El mito del "plazo fijo": por qué el ahorro tradicional ya no alcanza para proteger tu bolsillo
Cuando logramos separar unos pesos a fin de mes, la primera reacción del ahorrista tradicional suele ser activar el clásico depósito bancario a un mes. Sin embargo, en el ABC de las finanzas cotidianas que explicamos en esta sección, es fundamental entender que las viejas recetas a veces quedan desactualizadas frente a la realidad del bolsillo. En el contexto de la economía del comportamiento, la comodidad de dejar el dinero inmovilizado puede transformarse en una trampa invisible que nos hace perder poder adquisitivo frente al avance de los precios.
El principal punto débil del ahorro estático a 30 días es la pérdida absoluta de flexibilidad. Si durante ese mes surge una urgencia médica, se rompe un electrodoméstico o aparece una oportunidad de compra imperdible, tu dinero está atrapado y no podés tocarlo, obligándote muchas veces a tarjetear con altas tasas de interés. En épocas donde la inflación se mueve día a día, la rigidez financiera es un costo muy alto para cualquier trabajador que intenta mantener al día la organización eficiente de sus recursos mensuales.

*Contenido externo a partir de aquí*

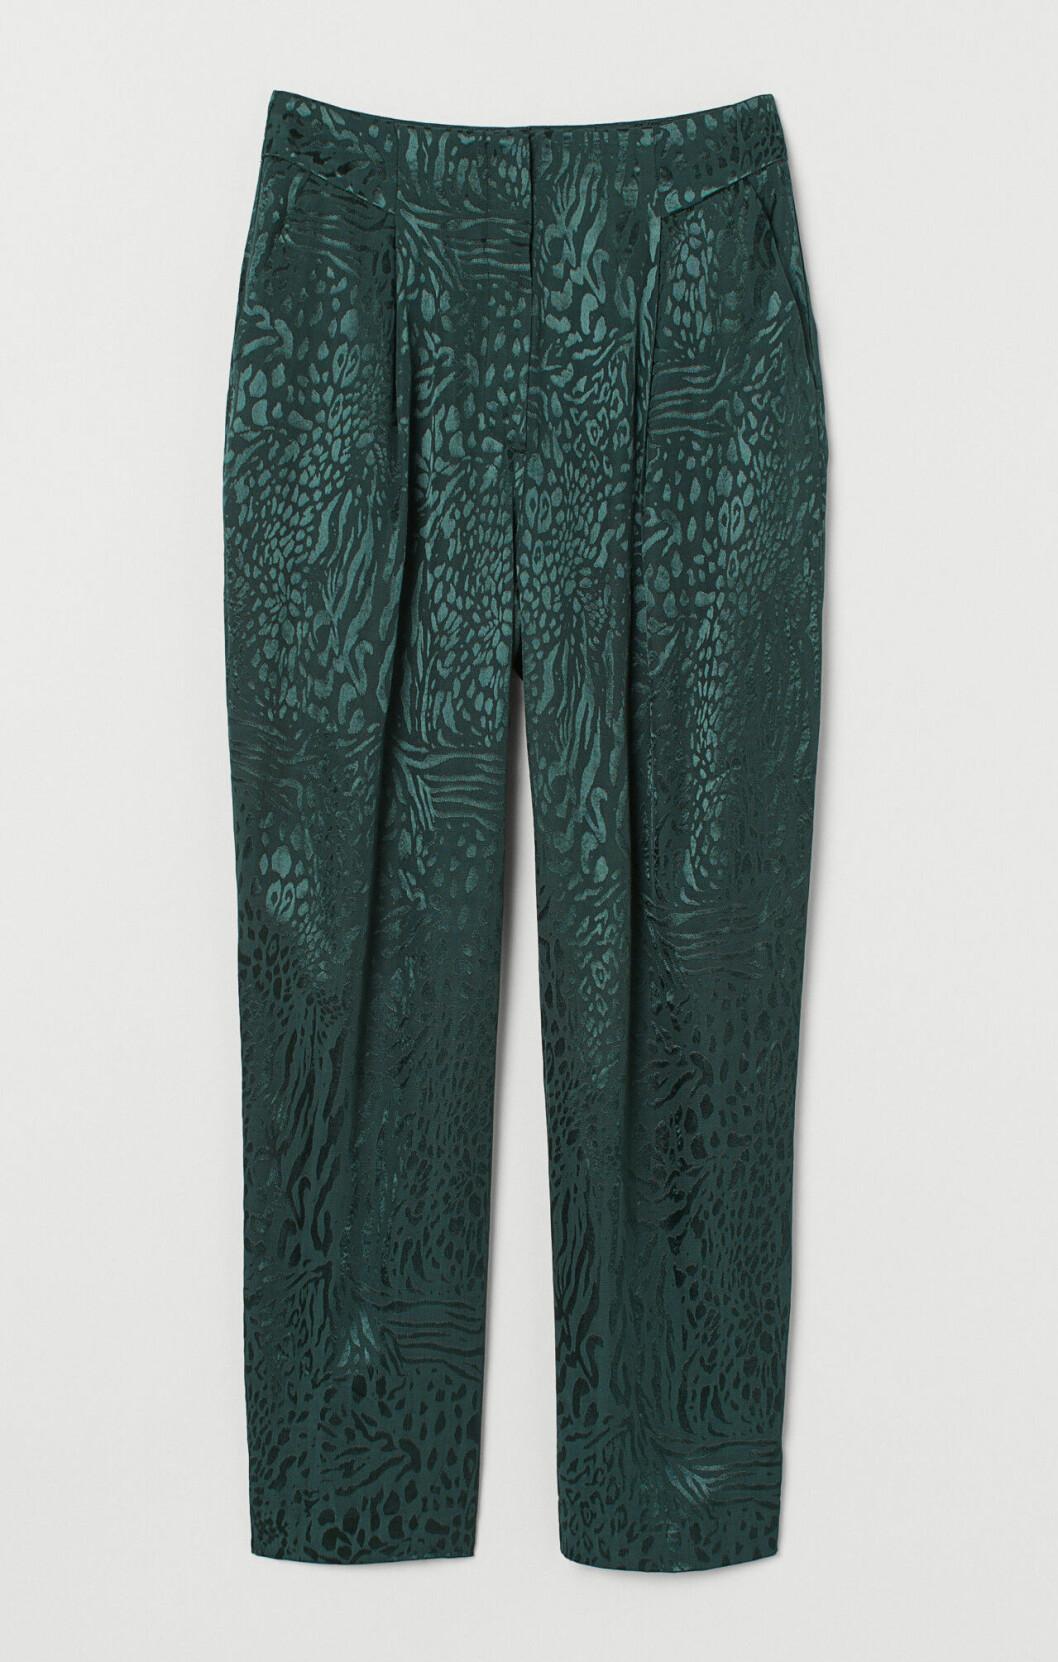 Matchande set: Gröna byxor från H&M

Para ganarle a este escenario, el ciudadano común está migrando hacia herramientas de liquidez inmediata que permiten que el dinero rinda sin perder la libertad de usarlo. Las cuentas remuneradas de las aplicaciones locales y los fondos comunes de inversión de rescate en el acto te pagan intereses de forma diaria por tener los pesos depositados, con la enorme ventaja de que podés transferir o gastar ese capital en cualquier momento a través de tu celular. Pasarte a esta modalidad es clave para tus finanzas personales, ya que te permite armar una estrategia de protección constante sin las ataduras del circuito bancario tradicional.